Overall, the theoretical/algorithmic portions of the paper are written reasonably clearly and the arguments seem correct to me. On the issue of novelty, the domain into which the paper is venturing is relatively novel, but the proofs techniques are not extremely original, although there is definitely value in using existing ideas to solve a new problem. There are also some issues with the experiments (as I mentioned above), so I urge the authors to revisit that portion of the paper.

3-Expert (read the paper in detail, know the area, quite certain of my opinion)

This paper proposes a dueling bandits setting with new solution concepts that generalize beyond Condorcet winners and Copeland winners. These include top cycle winners, uncovered set winners, and Banks set winners. The paper introduces a generic UCB-style learning algorithm that can be instantiated for each of the various solution concepts. Regret bounds are given, as are strong empirical results.

This is a strong paper, with an elegant solution to an elegant problem formulation. I have a few questions/comments for the authors. -- The regret bounds seem to scale as K^2 log T, which seems unavoidable in such general settings. Are there ways to refine the proof and/or subroutines so that the regret scales as K log T instead, when there are more assumptions? -- Can the authors comment on the connection between the proposed approach and RUCB? Superficially, the structure of the two algorithms seem related. -- I imagine another baseline is action elimination via pure exploration, i.e., randomly explore pairs of viable arms (those that have not yet been eliminated from being part of the solution). One reason I'm suggesting this is because such a strategy might also have a regret bound that scales as K^2 log T. -- There is room in the paper to discuss the implications of the theoretical guarantees, such as the quadratic scaling w.r.t. K or what the C constant is. *** I thank the authors for answering my questions in their response ***

3-Expert (read the paper in detail, know the area, quite certain of my opinion)

The key contribution of this article is to propose and analyze a generic and anytime (i.e. "horizon-free") algorithm called "Upper Confidence Bound for Tournament Solution" (UCB-TS) for the K-armed voting/dueling bandits with preference cycles. This meta algorithm maintains a confidence bound matrix on the pairwise win/loss probabilities and delegates the choice of the duels to a specialized sub-function called SelectProc-TS. If this selection procedure satisfies two conditions, namely the "Safe-identical arm condition" (Definition 6) and the "Safe distinct arms condition" (Definition 7), the anytime regret of UCB-TS is upper bounded by O(K^2 \log{T}) (Theorem 8). The authors decline UCB-TS on three "Tournament Solutions" (or preference elucidation systems) by providing specific selection procedures: Top Cycle, Uncovered Set and Banks set. Some simulations on ranking datasets follow.
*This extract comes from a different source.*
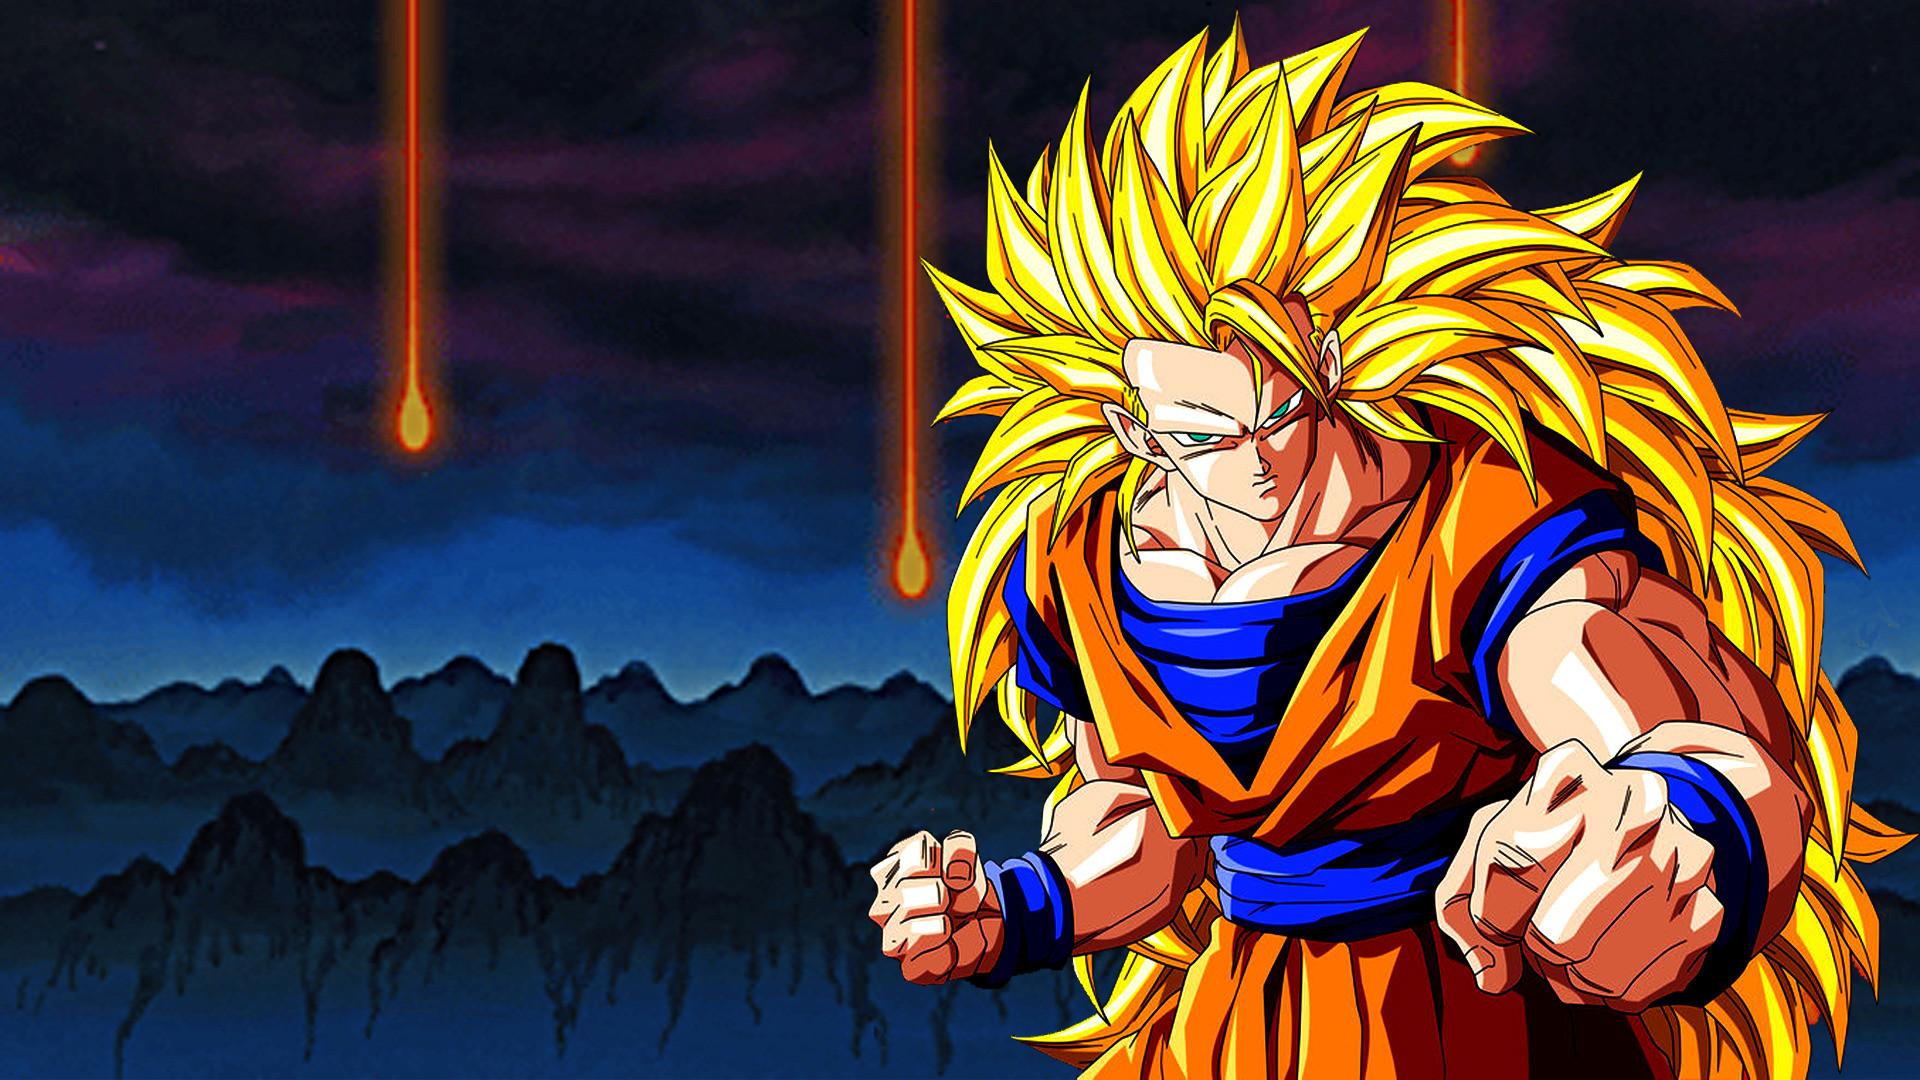 Back to post: Dragon Ball Z Wallpaper HD

The definition of regret as |\Delta_{i^*,i}-1/2| is natural when i^* is a Condorcet winner but \Delta_{i^*,i}-1/2 may become negative in other situations like in Figure 2 (a) where the arm 4 is winning against arm 1 which is the minimal element of the Copleand winning set. A simpler notion of regret would be to use directly the indicator function of the non-winning set. I liked the modular structure of the proofs: 1 - define a meta-algorithm UCB-TS and give minimal conditions to control its regret; 2 - show that these conditions are fulfilled by the considered tournament solutions. - Obtaining K^2 log(T) regret bound is however not a surprising result, the main difficulty with dueling bandits is to obtain a K log(T) regret bound like it was done for RUCB. - Is UCB-Copeland equivalent to RUCB when applied on a Condorcet bandit? - Is there a generic methodology to build the selection procedure from a tournament solution? On Figure 1 page 2, the authors made a real effort to provide a complete bibliography, but they apparently misunderstood the fact that SAVAGE is also a generic algorithm which works with any tournament solution including Copeland, Top Cycle, Uncovered set and Banks set. It is true however that the generic sampling sensitivity criterion may be difficult to code. If the paper is accepted, the author should precise that they only used the Copeland version of SAVAGE in their experiments.

3-Expert (read the paper in detail, know the area, quite certain of my opinion)

The authors proposed a family of UCB-style dueling bandits algorithms for general tournament solutions. These tournament solutions include Copeland set as a special case and always exist. They also proved the any time regret bound for these algorithms is O(log T).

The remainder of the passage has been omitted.